Bug 60031

Summary: [PATCH] DataFormatter parses months incorrectly when put at the end of date segment
Product: POI Reporter: Andrzej Witecki <sodoww+bz.apache.org>
Component: SS CommonAssignee: POI Developers List <dev>
Status: RESOLVED FIXED    
Severity: normal CC: sodoww+bz.apache.org
Priority: P2 Keywords: PatchAvailable
Version: 3.15-dev   
Target Milestone: ---   
Hardware: PC   
OS: All   
Attachments: solution proposal
Final patch

Description Andrzej Witecki 2016-08-23 08:35:23 UTC
When you have a date format which has two segments (date and time) and the month indicator ("MM") is placed at the end of date segment than it's replaced to minutes indicator ("mm") within DataFormatter#createDateFormat(String, double) for loop.
Eg.: "yyyy\\-dd\\-mm\\ hh:mm:ss" -> "yyyy-dd-mm HH:mm:ss"
and even: "yyyy-dd-MM HH:mm:ss" -> "yyyy-dd-mm HH:mm:ss"

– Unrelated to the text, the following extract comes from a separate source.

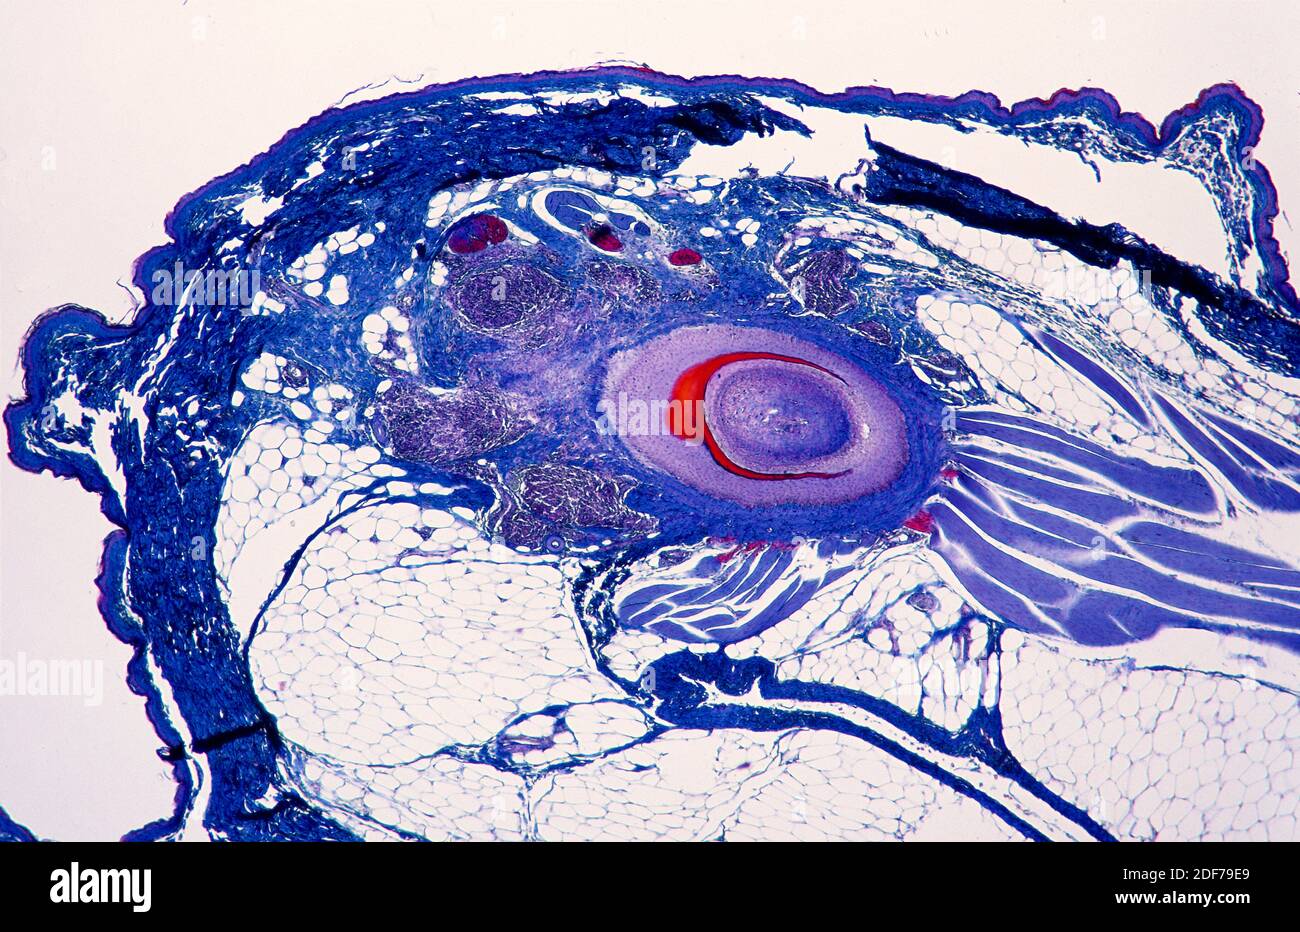 Vogelepidermis Abschnitt zeigt die Basis einer Feder, Retraktormuskulatur und Fettgewebe. Photomikrograph. Stockfoto

It's obviously caused by the "if 'M' precedes 's' it should be minutes ('m')" part of code (l.565 for POI 3.15b2) which uses obsolete "ms" variable. Wouldn't clearing "ms" variable within last else (for white spaces; l.589 in 3.15b2) be sufficient to solve this issue?
Comment 1 Andrzej Witecki 2016-08-23 08:42:32 UTC
Of course the obvious result of this bug is parsing date from double incorrectly, eg. date 23-08-2016 08:51:01 which is 42605.368761574071 as double will be parsed with format "yyyy-dd-MM HH:mm:ss" into "2016-23-51 08:51:01".

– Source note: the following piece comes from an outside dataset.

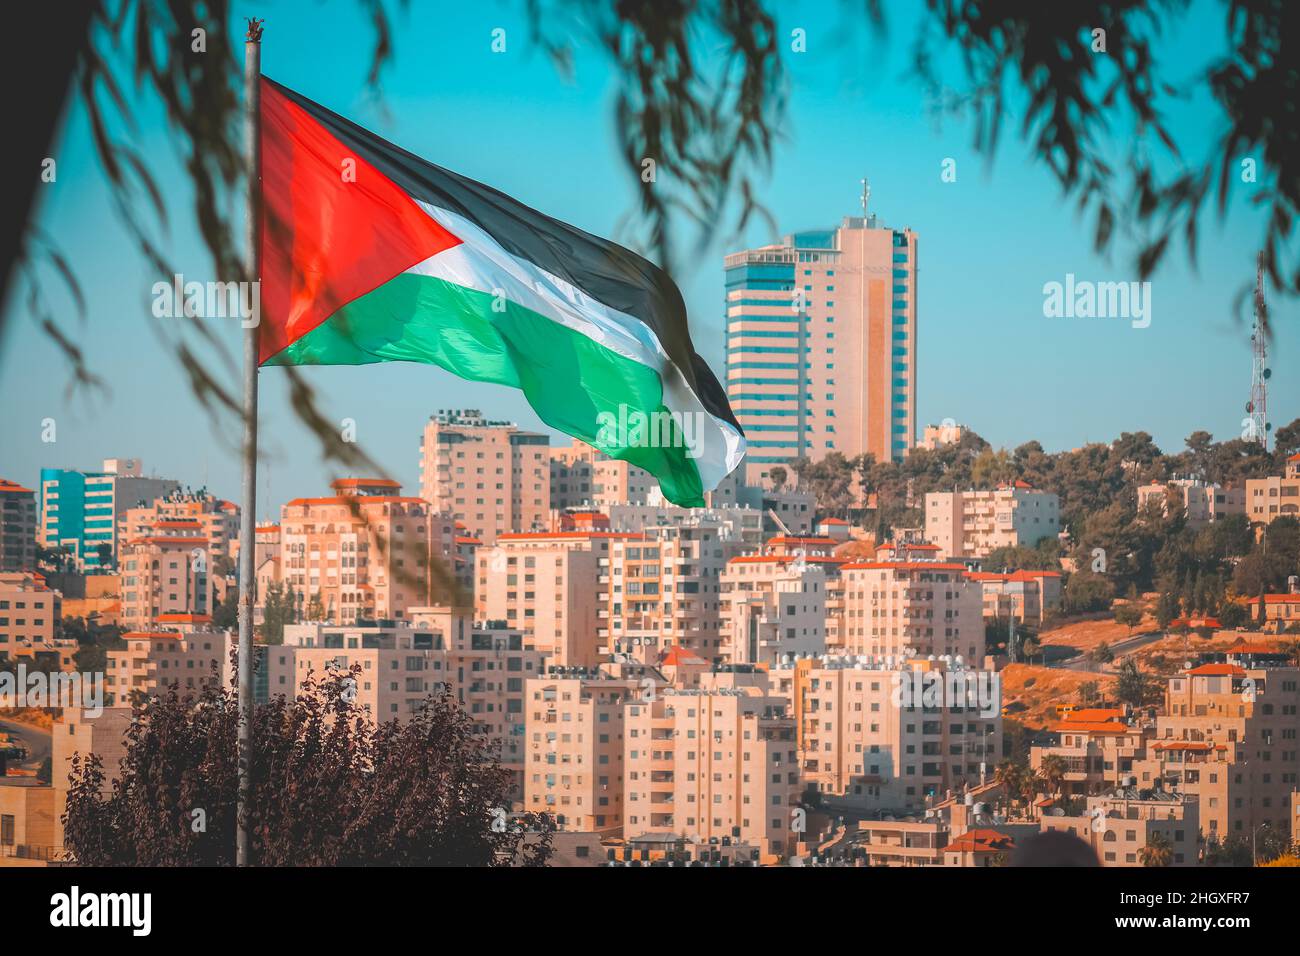 Drapeau palestinien comme à travers les feuilles de l'arbre avec quelques bâtiments de la ville sur le fond à ramallah Banque D'Images

Problem occurred on POI 3.11 but it can also be reproduced on 3.15b2.
Comment 2 Dominik Stadler 2016-10-14 21:40:22 UTC
Unfortunately your proposed simple fix of clearing ms causes other tests to fail, e.g. this one:

assertEquals("57:07.2", dfUS.formatRawCellContents(.123, -1, "mm:ss.0;@"));

A unit-test to verify your bug is:

    @Test
    public void testBug60031() {
        // 23-08-2016 08:51:01 which is 42605.368761574071 as double will be parsed
        // with format "yyyy-dd-MM HH:mm:ss" into "2016-23-51 08:51:01".
        DataFormatter dfUS = new DataFormatter(Locale.US);
        assertEquals("2016-23-08 08:51:01", dfUS.formatRawCellContents(42605.368761574071, -1, "yyyy-dd-MM HH:mm:ss"));
    }
Comment 3 Andrzej Witecki 2016-11-09 14:51:39 UTC
Created attachment 34431 [details]
solution proposal

Made a fix which also tackles the problem mentioned before. I'm attaching the patch with this fix and test case made by Dominik.
Comment 4 Andrzej Witecki 2016-11-10 08:39:56 UTC
Unfortunately my patch introduces a failure in TestHSSFSheet#autoSizeDate. Fortunately it's caused by parsing cell values correctly (IMHO).
Cell values in this test are formatted with pattern "yyyy-mm-dd MMMM hh:mm:ss". There are 2 cells: first with numerical value 1 (1.01.1900) and second with numerical value 123456 (3.01.2238).
Before my patch:
- result pattern is: "yyyy-MM-dd mmmm HH:mm:ss"
- String value of first cell is: 1900-01-01 0000 00:00:00
- String value of second cell is: 2238-01-03 0000 00:00:00
After my patch:
- result pattern is: "yyyy-mm-dd MMMM hh:mm:ss"
- String value of first cell is: 1900-01-01 January 00:00:00
- String value of second cell is: 2238-01-03 January 00:00:00

I am not providing a patch for this issue yet as I would prefer sbd verify my assumptions.

BTW. There're typos within above-mentioned test (TestHSSFSheet#autoSizeDate l.729). Guess there should be 1 instead of 0 for #getColumnWidth invocations arguments.
Comment 5 David North 2017-01-03 17:32:07 UTC
(In reply to Andrzej Witecki from comment #4)

> I am not providing a patch for this issue yet as I would prefer sbd verify
> my assumptions.

Verified - as per the comments in the code, Excel formats both mmmm and MMMM as the full month name. Please go ahead and extend your patch accordingly.
Comment 6 Andrzej Witecki 2017-01-17 16:12:09 UTC
Created attachment 34632 [details]
Final patch

Including new patch which also tackles problems (introduced by my changes) in TestHSSFSheet#autoSizeDate and TestDataFormatter
Comment 7 Javen O'Neal 2017-01-20 05:37:38 UTC
Applied to trunk in r1779564. Thanks for the patch!

This will be included in POI 3.16 beta 2.

Fixed TestHSSFSheet typo in r1779565.